How to properly sync products with CSV?

O

Outsider V.2019-12-29 15:00:25

Magento

Outsider V., 2019-12-29 15:00:25

Стади кейс, который мне привели на собесе, и который я провалил, т. к. никогда ни с чем подобным не сталкивался.
Есть файл CSV, с несколькими десятками тысяч продуктов, есть Magento 2 с такого же порядка количеством продуктов в базе. Задача - максимально эффективно, не положив сервак (из-за перегрузки по памяти) и не сломав базу, сделать следующее:
1. Обновить атрибуты продуктов, SKU которых уже есть в базе.
2. Добавить продукты, которых еще нет.
3. Удалить продукты из базы Magento, SKU которых нет в CSV.
Вопрос- каковым будет вцелом алогритм работы кода, который будет это делать. (а делать он это будет по крону скорей всего).
Может есть готовые решения (алгоритмы, подходы, паттерны), о которых я не знаю?
To all my attempts to write an algorithm, there were objections either that php would eat up a lot of memory, or that MySQL would not process such a huge request.

Reply

Answer the question

In order to leave comments, you need to log in

3 answer(s)

L

Lev Zabudkin, 2019-12-29
@zabudkin

Who told you about memory - in the furnace.
1. All handles, or rather requests.
2. Everything.

A

Anton Shamanov, 2019-12-29
@SilenceOfWinter

blog.nagaychenko.com/2010/04/29/%D0%BA%D0%B0%D0%BA... most likely they wanted something like this

D

Dmitry Sviridov, 2019-12-29
@dimuska139

1 and 2. Given that the SKU, as I understand it, is a value that is unique in meaning, a UNIQUE index hangs on it. Thus, you can read the csv file line by line and use on duplicate key update . This will allow you to update attributes or add missing products to the table with just one cycle.
3.To remove products from the Magento database, the SKUs of which are not in the CSV, you need to read the product table in the database in blocks (for example, 100 lines each) and check for the presence of these SKUs in the csv file. If not found, write id to an array. After that, delete all rows by these id's using the sql-operator IN. If there are a lot of IDs in the array, it makes sense to also divide them into blocks so that IN does not have a lot of IDs.

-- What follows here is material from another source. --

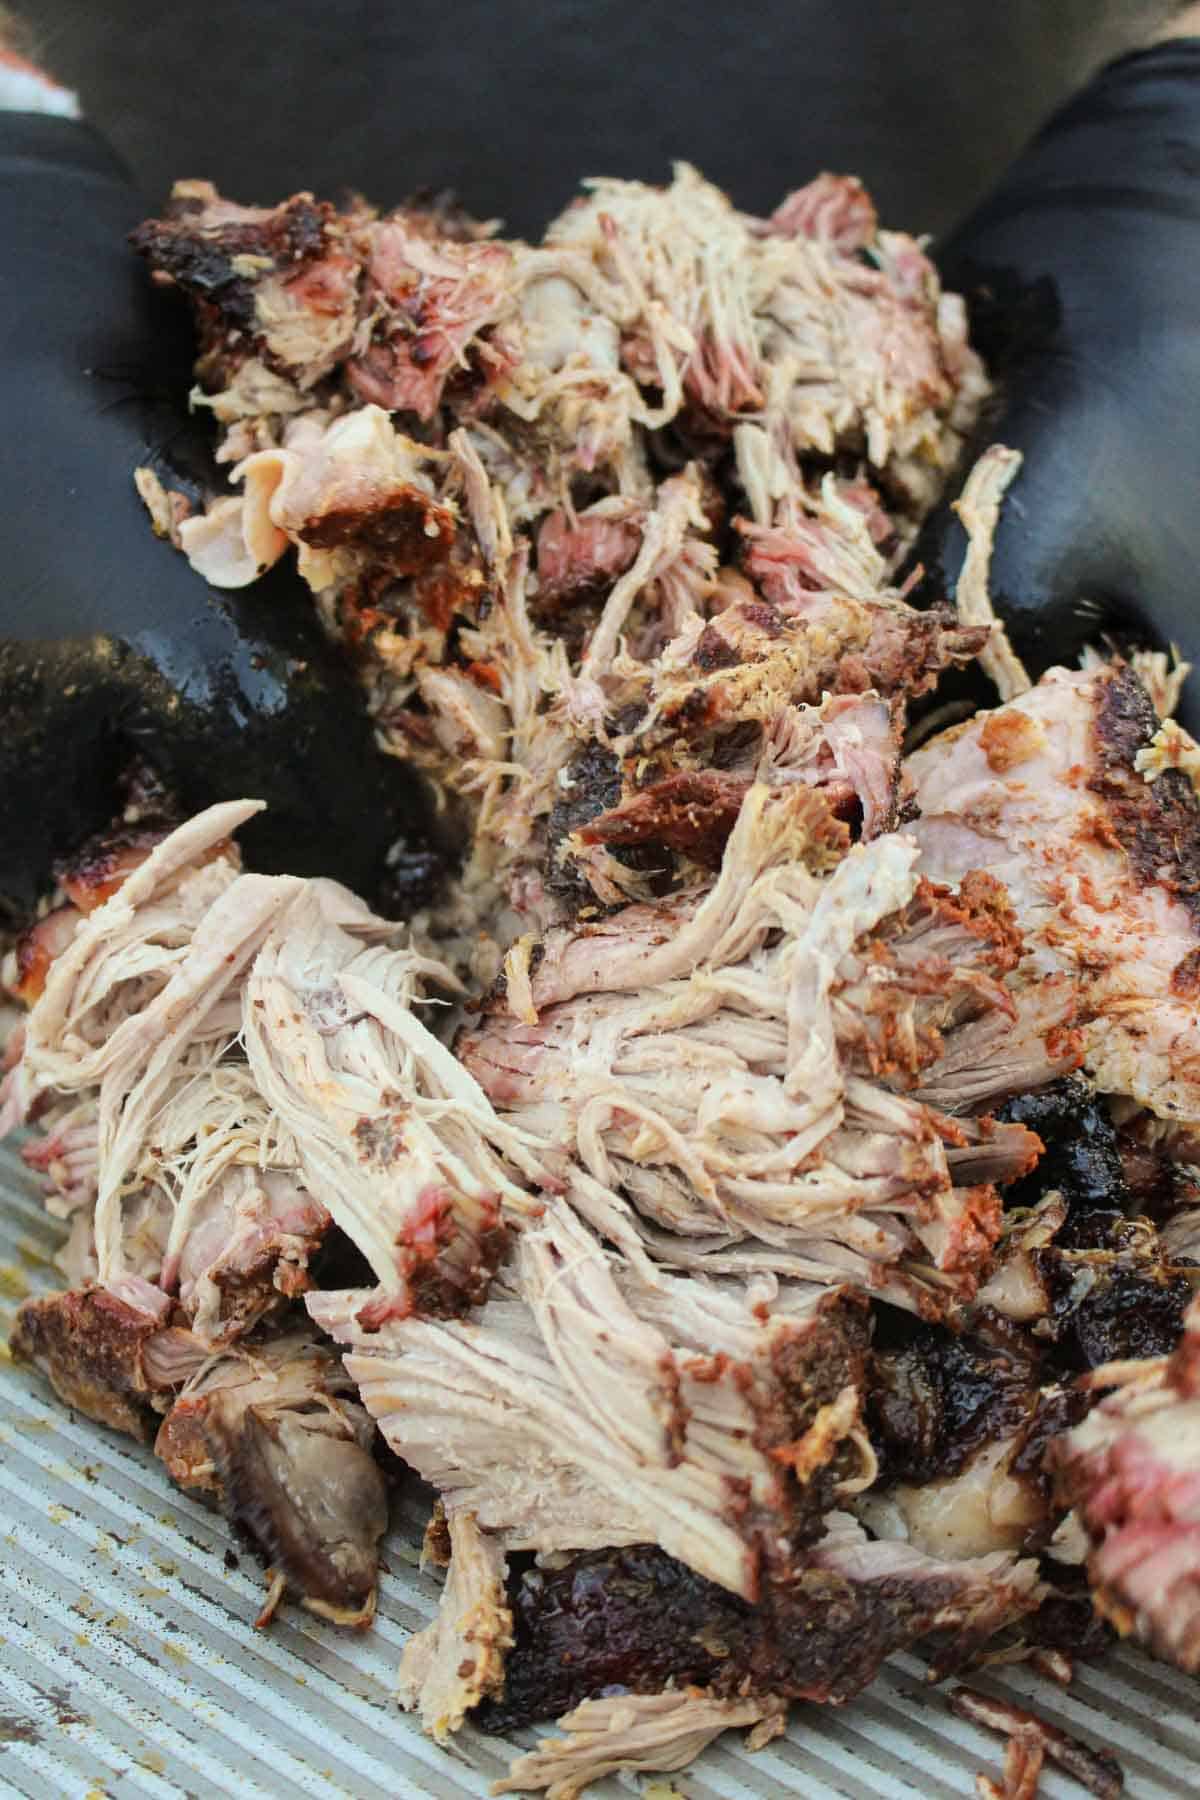 A close up shot of the pulled pork being shredded.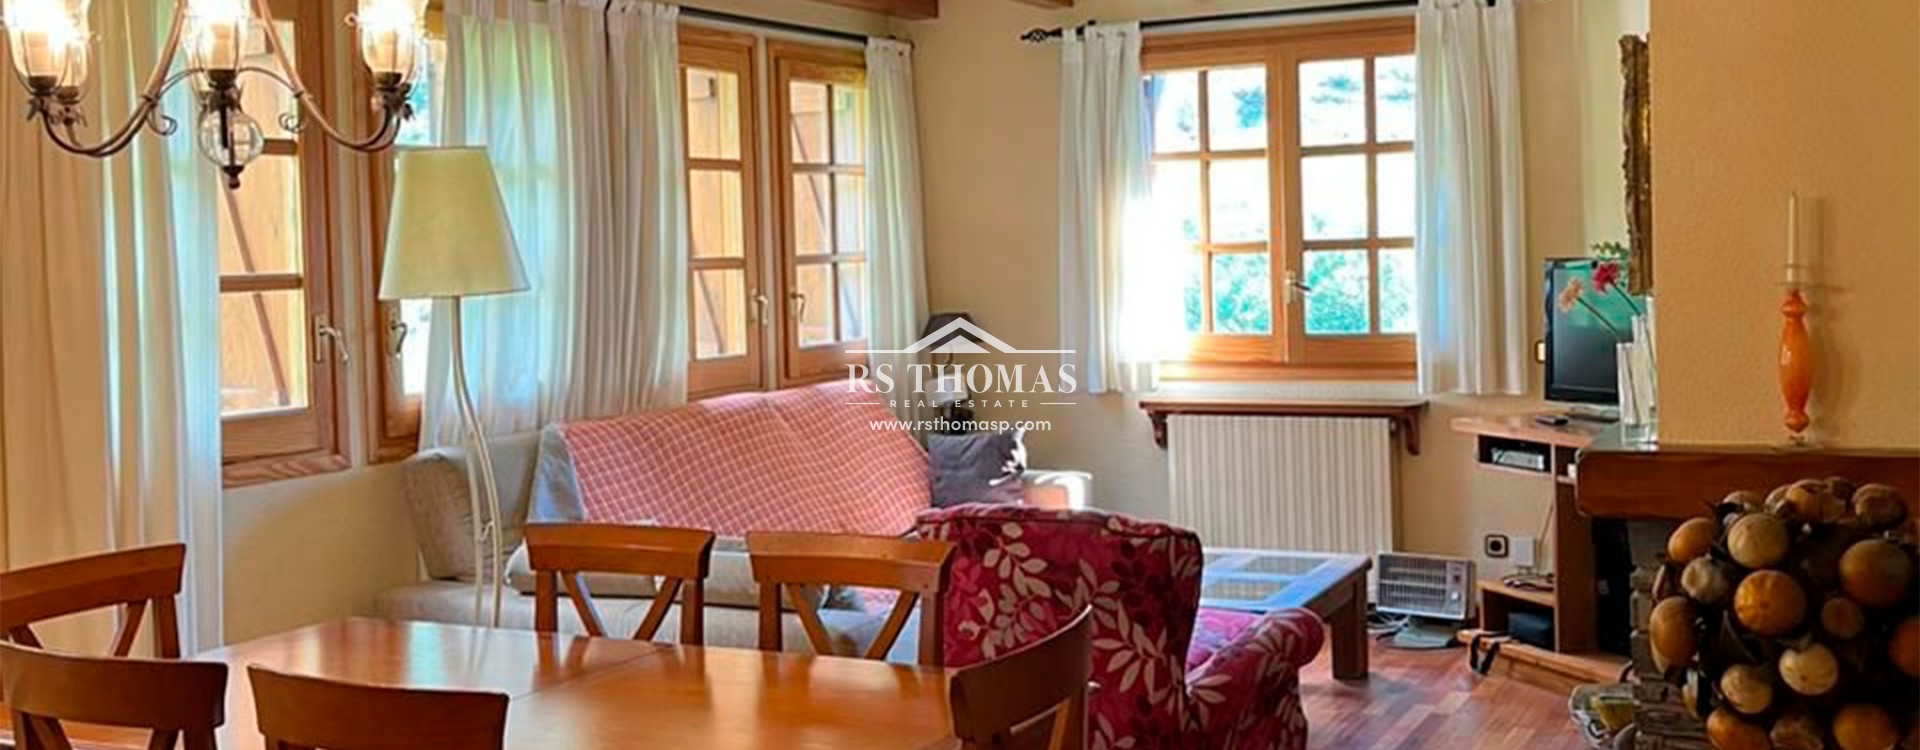 Apartment for sale in Arinsal

This can be optimized if, at steps 1 and 2, write the SKUs read from the SKU file into the php array (even if there are 100k lines, this will not eat up much memory in this case) - then you won’t even need to search in the csv file, it will be enough just check for the presence of the SKU taken from the database in this array.
PSabout 3. Perhaps it would be even more efficient to add a column to the table with goods, in which, at steps 1 and 2 in the same sql query, write (or rewrite the old value) the current date and time for processed records. After that, with just one query to the database, cut out everything that is old from the table (because if the old date and time are recorded, it means that there was no product with this SKU in the csv file, and it can be deleted).